Only the stretch of the listing below that runs from the line with "Vivienne Westwood - Archive" through the line with "1000 LED Christmas String Lights Warm White" is to be printed, exactly and with both ends.
[ENTRIES SUPPLIED — start]
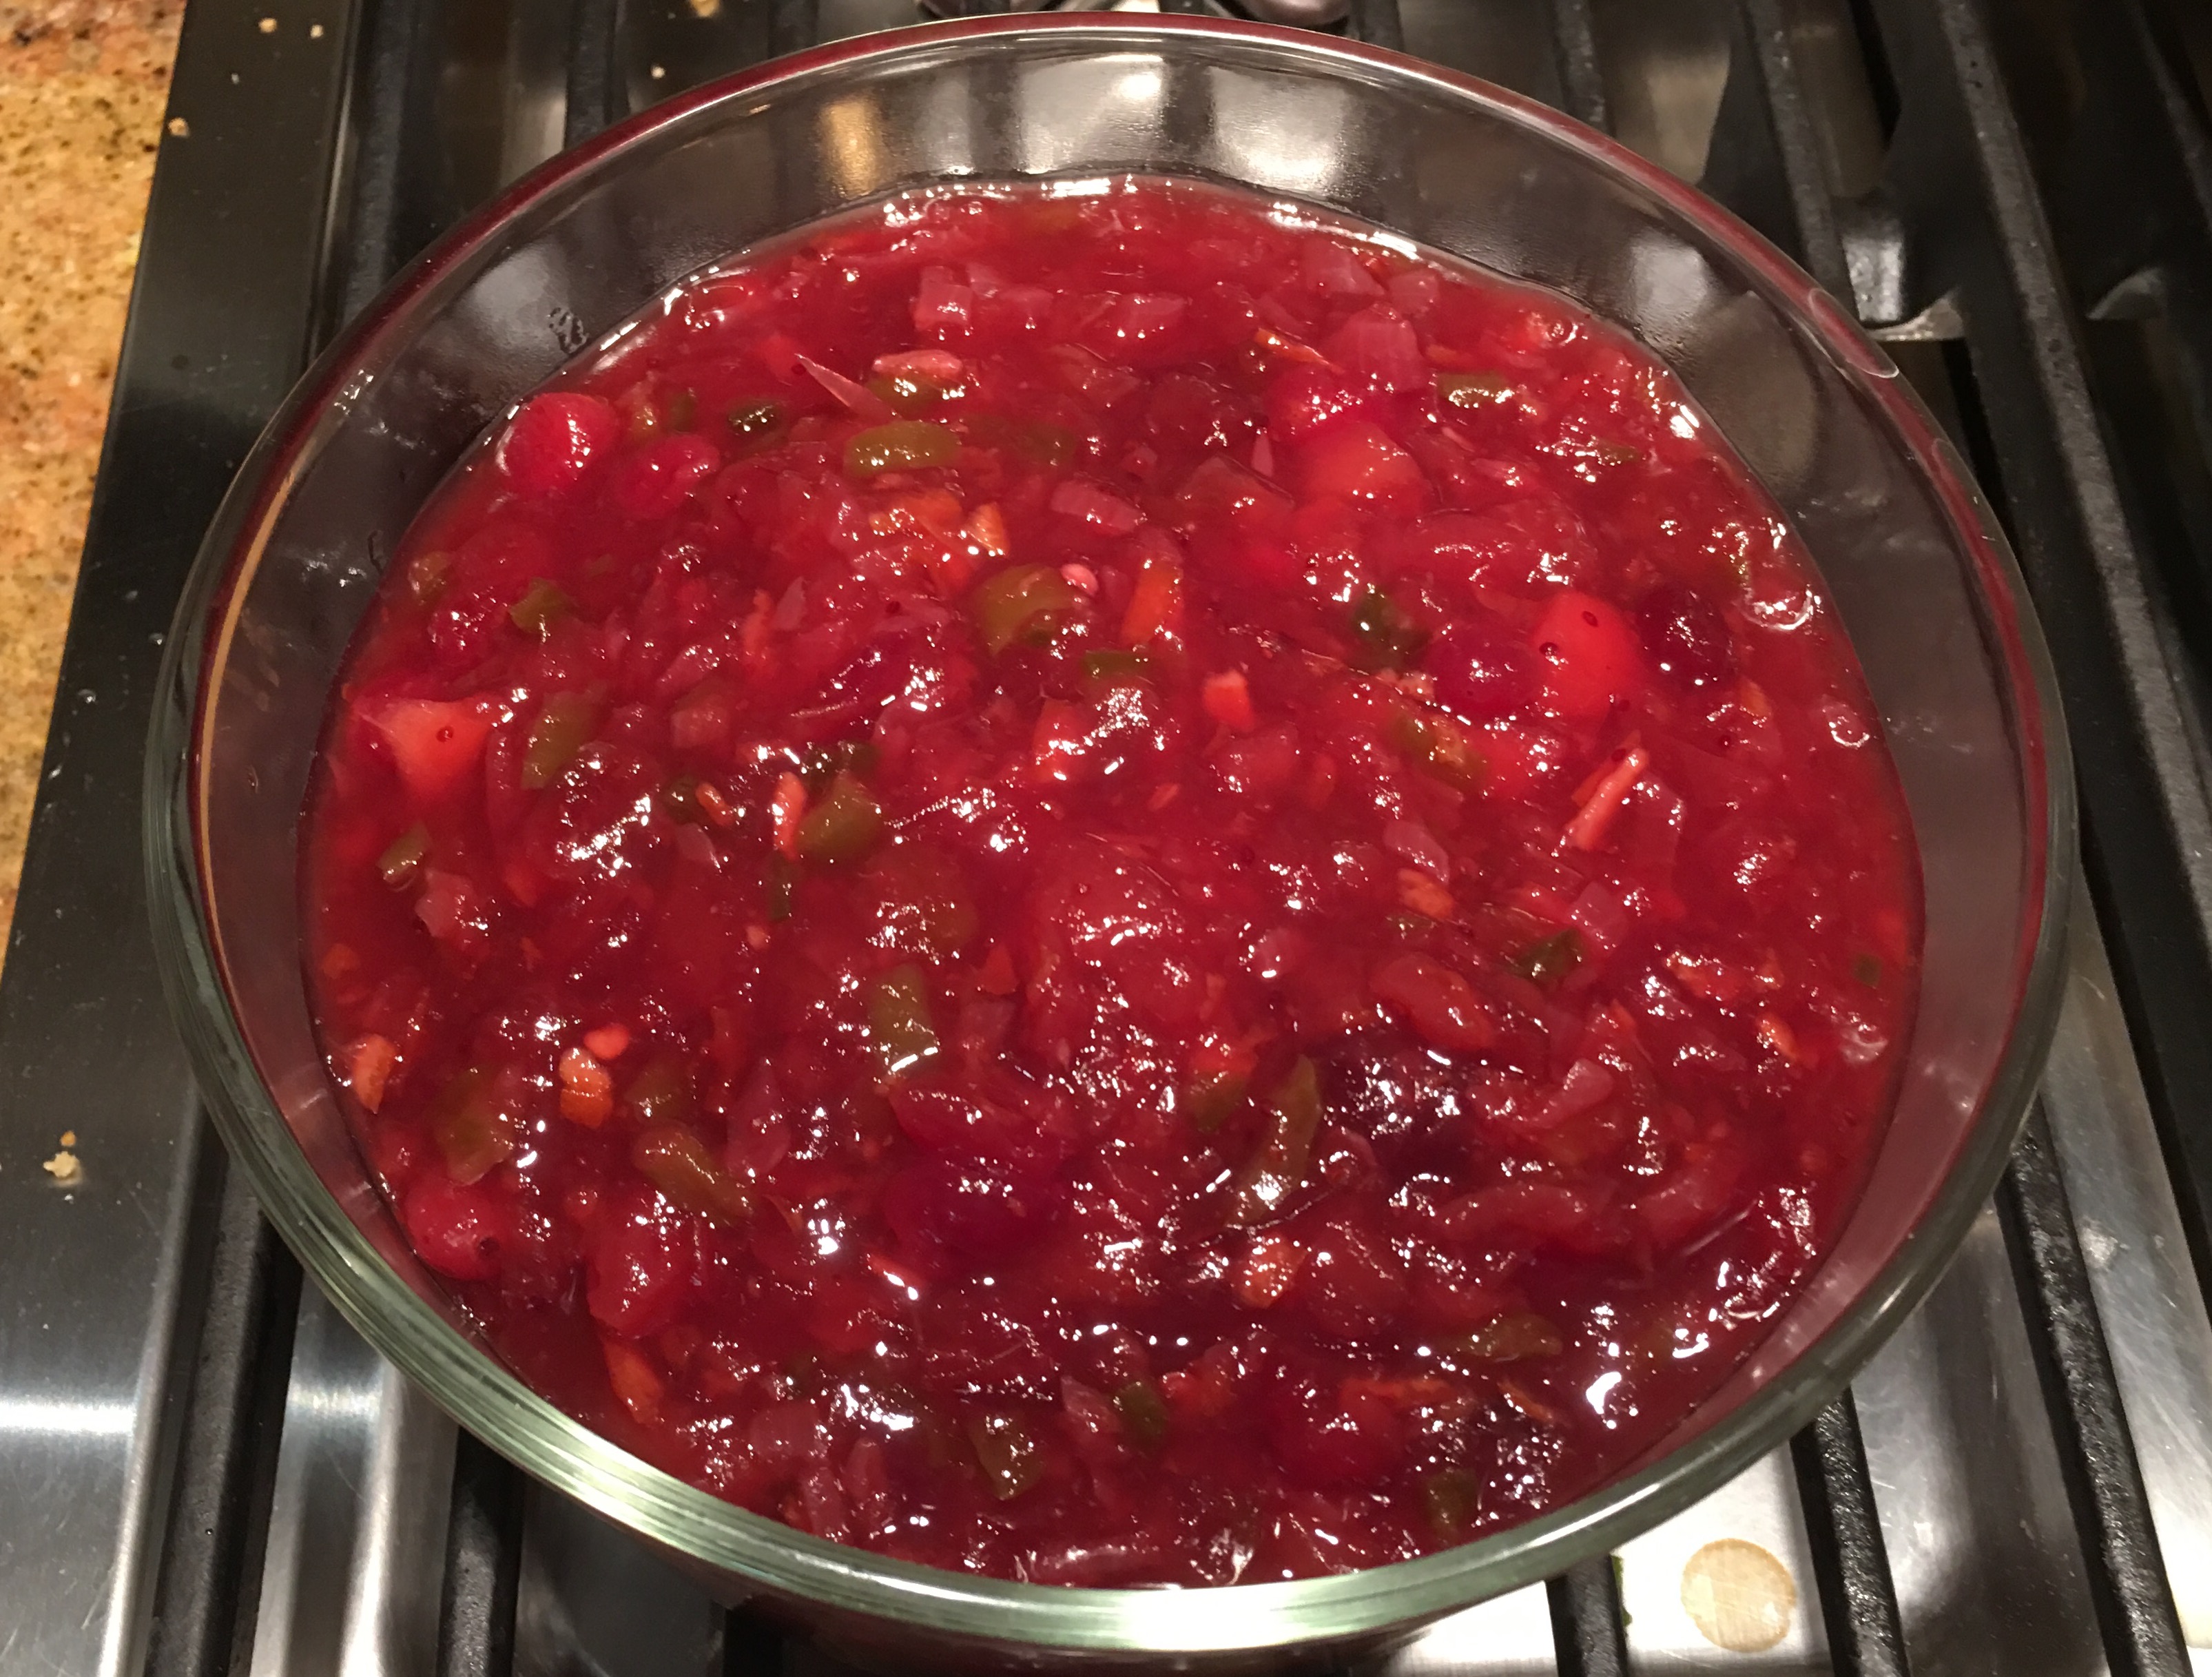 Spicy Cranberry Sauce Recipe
[ENTRIES SUPPLIED — finish]
[ENTRIES SUPPLIED — start]
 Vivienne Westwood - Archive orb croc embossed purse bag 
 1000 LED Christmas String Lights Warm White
[ENTRIES SUPPLIED — finish]
[ENTRIES SUPPLIED — start]
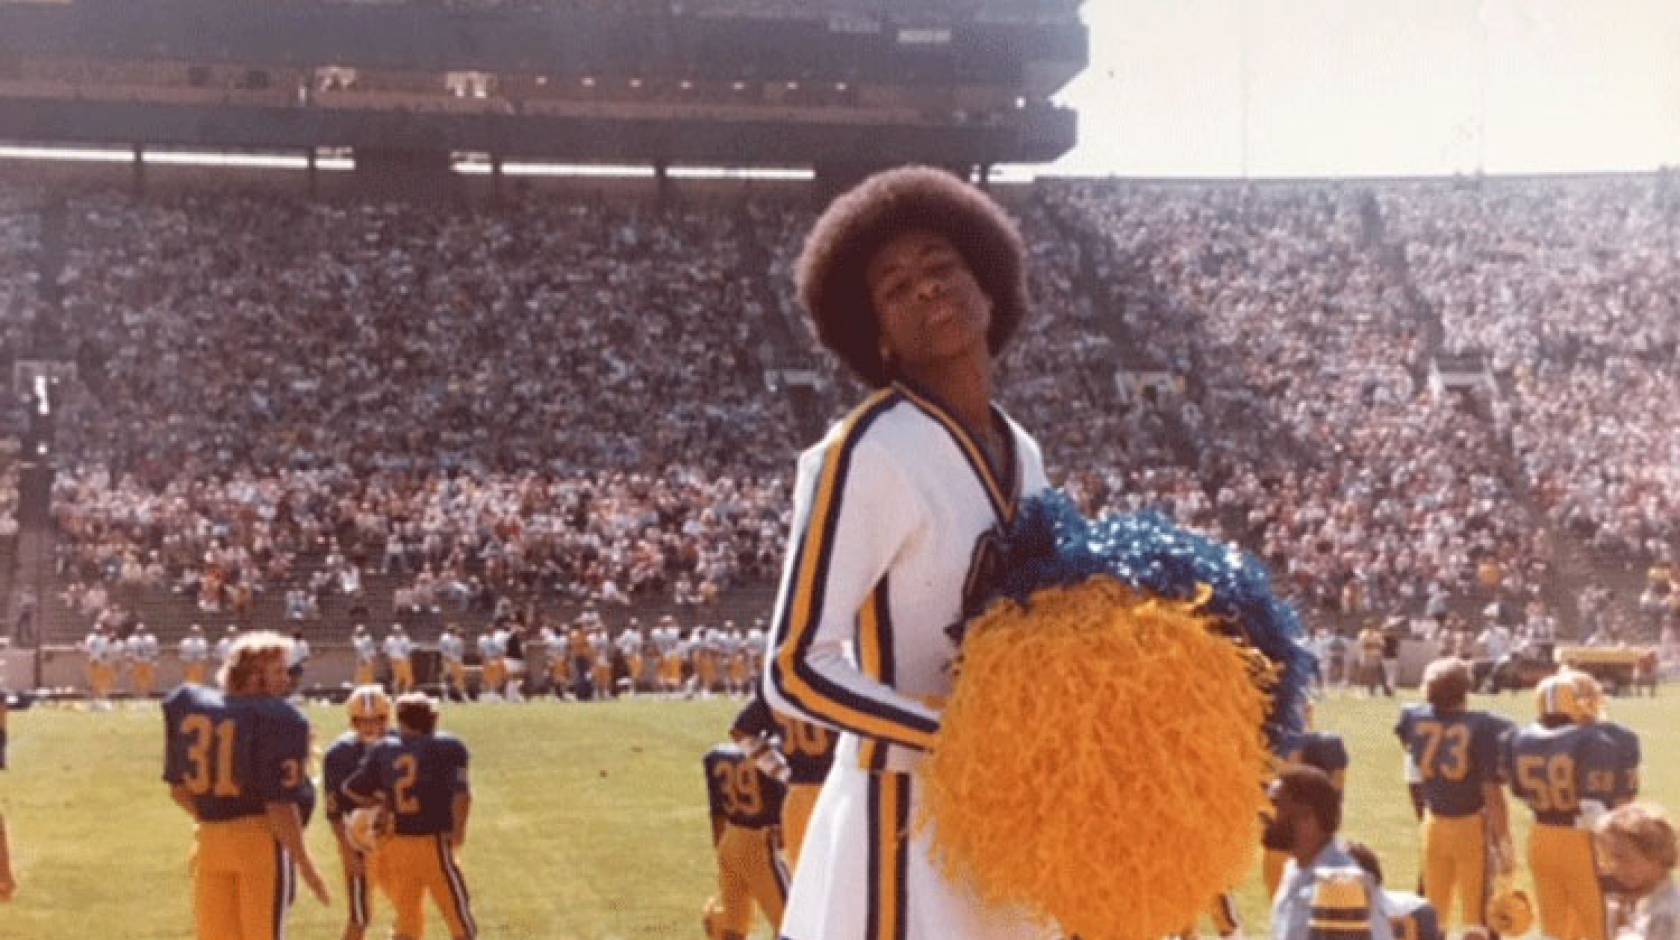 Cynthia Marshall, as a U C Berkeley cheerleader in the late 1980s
[ENTRIES SUPPLIED — finish]
** RESULT **
 Vivienne Westwood - Archive orb croc embossed purse bag 
 1000 LED Christmas String Lights Warm White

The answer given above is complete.